Exercise brief
Without including any pictures, write out the data below exactly.

Collected material
——————

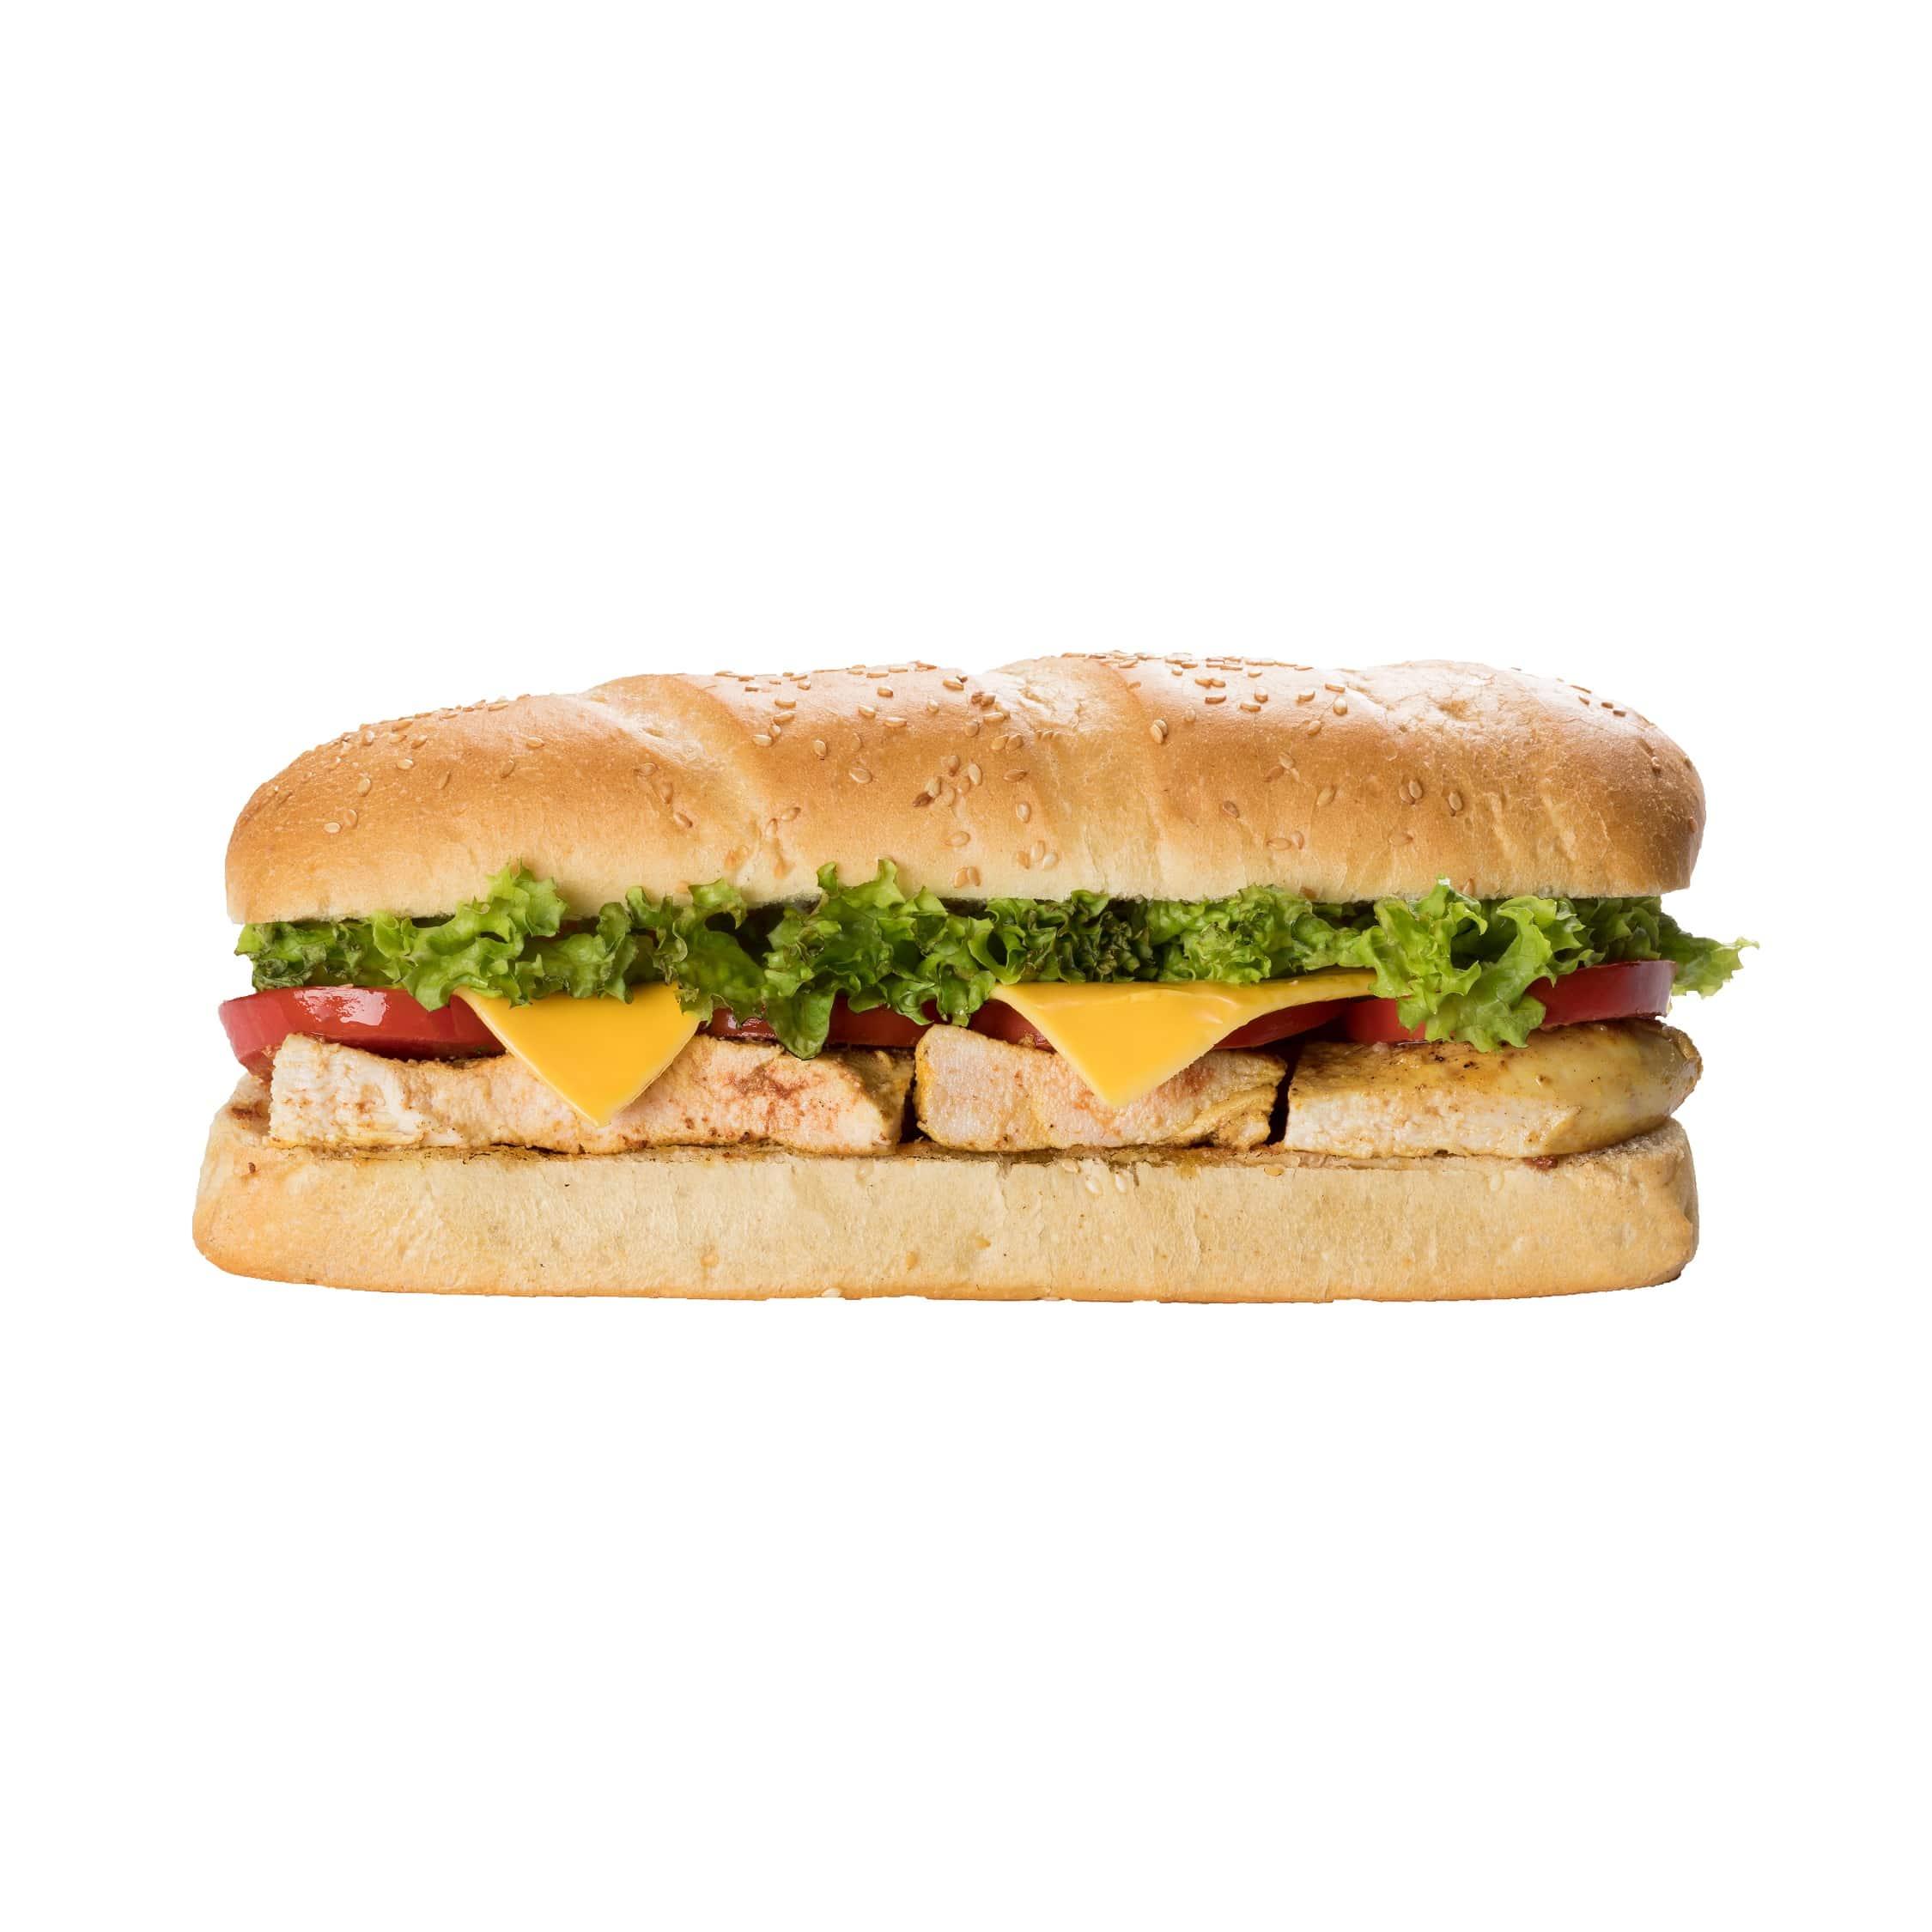 ساندویچ فیله بوقلمون
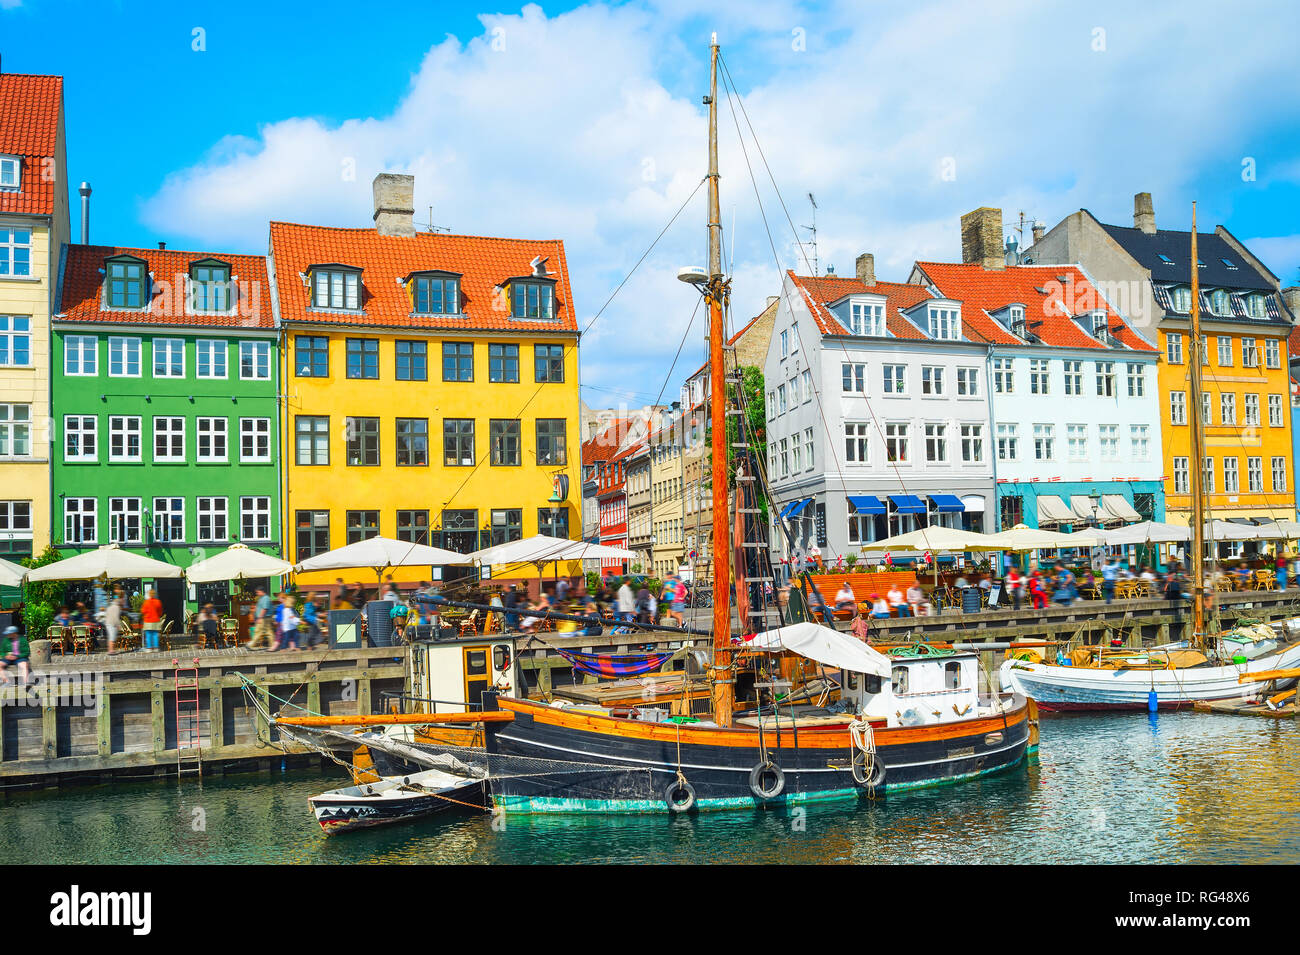 Pintoresca Nyhavn ver con botes de terraplén en la brillante luz del sol, la gente caminar y sentarse en los restaurantes, Copenhague, Dinamarca Foto de stock
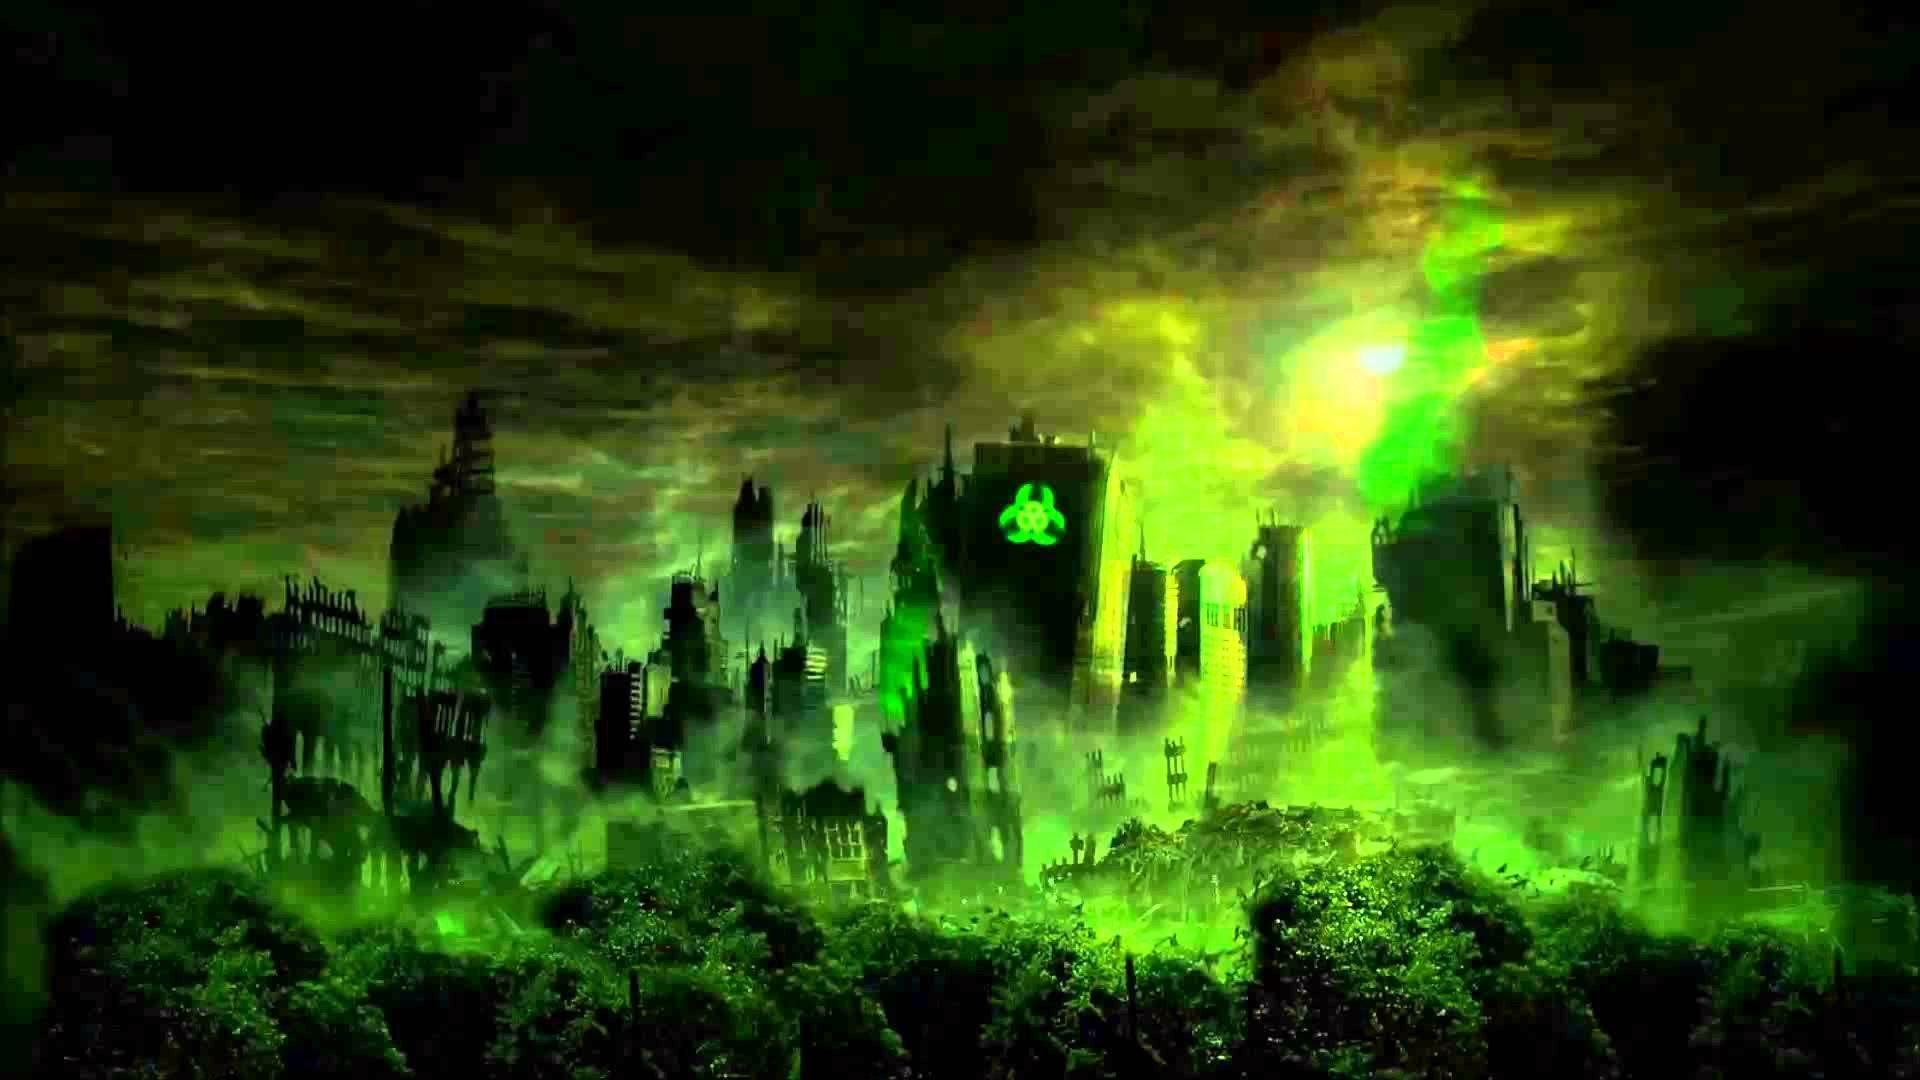 green biohazard wallpaper (60+ images)

——————

Reply
 ساندویچ فیله بوقلمون
 Pintoresca Nyhavn ver con botes de terraplén en la brillante luz del sol, la gente caminar y sentarse en los restaurantes, Copenhague, Dinamarca Foto de stock
 green biohazard wallpaper (60+ images)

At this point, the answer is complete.